Minkowski reduction in diemnsion less than five

According to a paper which can be found here:

http://tinyurl.com/2ec73xe

if the norm is Euclidean and the dimension less than five we can take linear combinations of our candidate basis vectors

s1*v1 + ... + sn*vn

where the coefficients si are -1, 0, or 1, and if the linear combination is shorter than one of the basis vectors, we may replace the basis vector with the combination for a new basis. Iterating this proceedure until no more reductions are possible gives a Minkowski reduced basis.

Sadly, it doesn't claim this will be true for, to pick an example wildly at random, Tenney height reduction. However it is so closely allied with the corresponding weighted Euclidean case it seems to me that if you reduce to the Euclidean Minkowski basis you are probably already in the TM basis, and in any case this proceedure really ought to work.

This all started because I was looking at Minkowski reduced bases for rank three lattices, and found that the basis for Portent is [2, 8/7, 12/11] and also found it's a big fat pain to find these the way I did.

Portent, by the way, is the 1029/1024, 385/384 (and 441/440) temperament.

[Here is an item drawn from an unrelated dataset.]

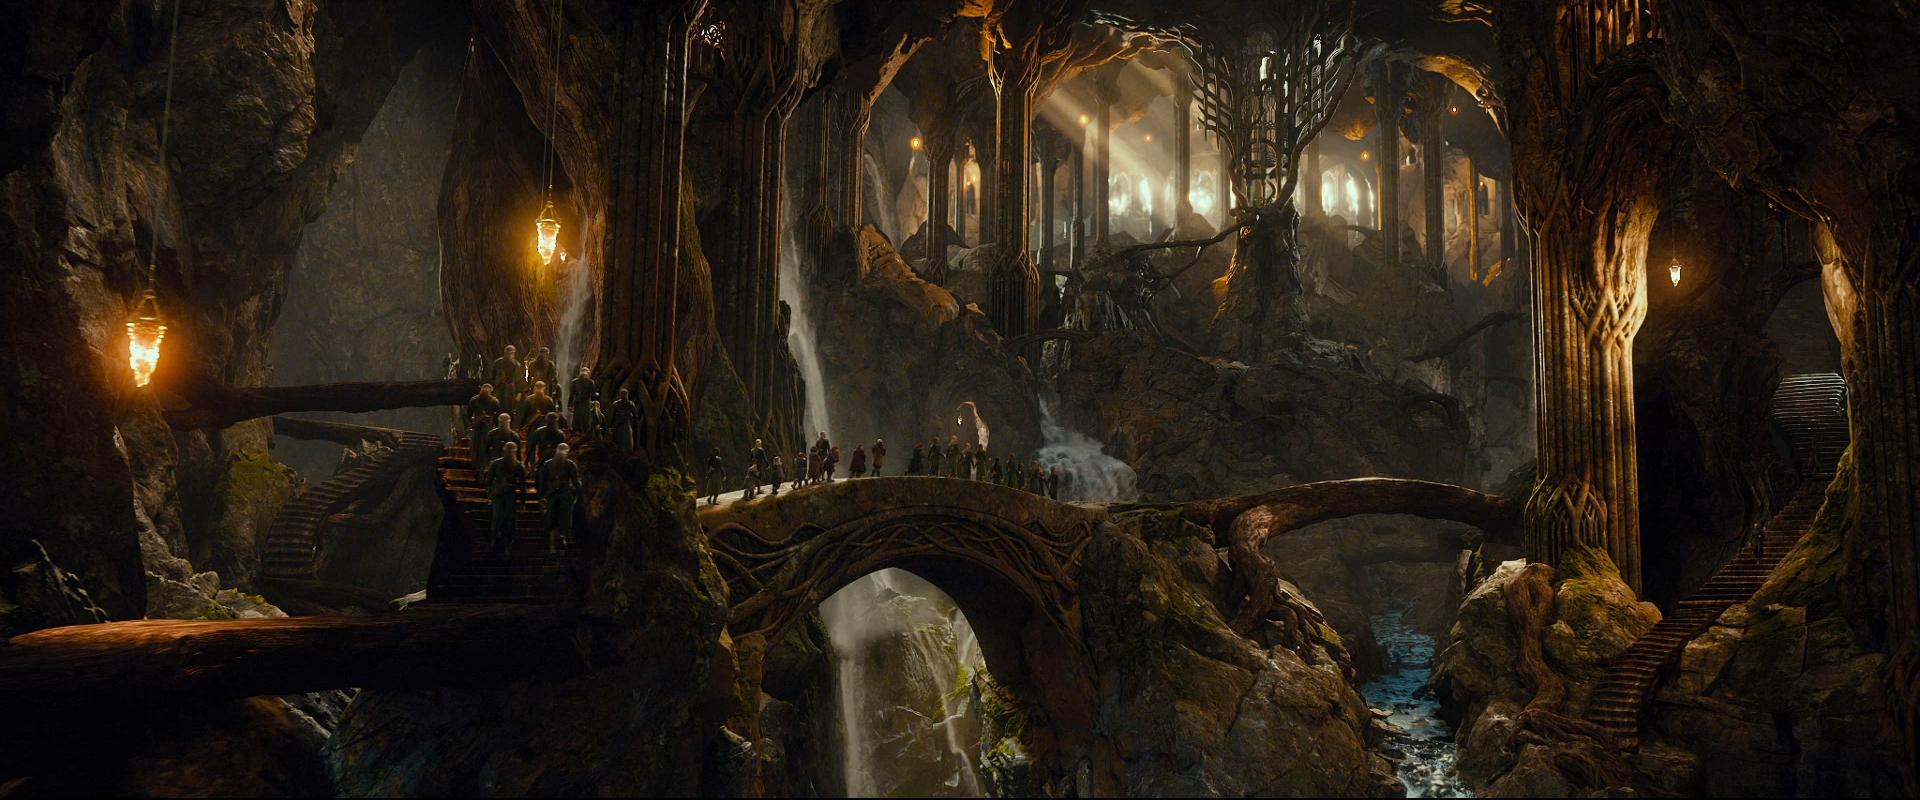 Elvenking's Halls

And without the obnoxious PDF locking...

/tuning-math/files/carl/

-C.

--- In tuning-math@yahoogroups.com, "genewardsmith" <genewardsmith@...> wrote:
>
> According to a paper which can be found here:
>
> http://tinyurl.com/2ec73xe
>
> if the norm is Euclidean and the dimension less than five we
> can take linear combinations of our candidate basis vectors
>
> s1*v1 + ... + sn*vn
>
> where the coefficients si are -1, 0, or 1, and if the linear
> combination is shorter than one of the basis vectors, we may
> replace the basis vector with the combination for a new basis.
> Iterating this proceedure until no more reductions are possible
> gives a Minkowski reduced basis.
>
> Sadly, it doesn't claim this will be true for, to pick an
> example wildly at random, Tenney height reduction. However it
> is so closely allied with the corresponding weighted Euclidean
> case it seems to me that if you reduce to the Euclidean Minkowski
> basis you are probably already in the TM basis, and in any case
> this proceedure really ought to work.
>
> This all started because I was looking at Minkowski reduced
> bases for rank three lattices, and found that the basis for
> Portent is [2, 8/7, 12/11] and also found it's a big fat pain
> to find these the way I did.
>
> Portent, by the way, is the 1029/1024, 385/384 (and 441/440)
> temperament.
>

On 20 June 2010 05:06, genewardsmith <genewardsmith@sbcglobal.net> wrote:
> According to a paper which can be found here:
>
> http://tinyurl.com/2ec73xe
>
> if the norm is Euclidean and the dimension less than five we can take linear combinations of our candidate basis vectors
>
> s1*v1 + ... + sn*vn
>
> where the coefficients si are -1, 0, or 1, and if the
> linear combination is shorter than one of the basis vectors,
> we may replace the basis vector with the combination for
> a new basis. Iterating this proceedure until no more
> reductions are possible gives a Minkowski reduced basis.

At the start, it says it works for positive definite quadratic forms,
which would include my parametric badness. Later on, the restriction
is a gauge function, which looks like a general norm.

This is certainly useful because it'll apply to my parametric badness.
The reduced basis in a badness space (what'll be a "notation" from
what I remember of Gene's terminology, or its dual) looks like a very
useful thing to be able to find. But I'm finding it difficult to find
for high limits.

All I have to do now is understand this paper . . .

> Sadly, it doesn't claim this will be true for, to pick an example
> wildly at random, Tenney height reduction. However it is
> so closely allied with the corresponding weighted Euclidean
> case it seems to me that if you reduce to the Euclidean
> Minkowski basis you are probably already in the TM basis,
> and in any case this proceedure really ought to work.

Is this the general method or the 4 dimensional case you gave above?
Tenney height looks like a gauge function.

Graham

--- In tuning-math@yahoogroups.com, Graham Breed <gbreed@...> wrote:

> Is this the general method or the 4 dimensional case you gave above?
> Tenney height looks like a gauge function.

Tenney height is a gauge function. However, the restriction to -1, 0, or +1 coefficents is only claimed to be proven for Euclidean gauge functions.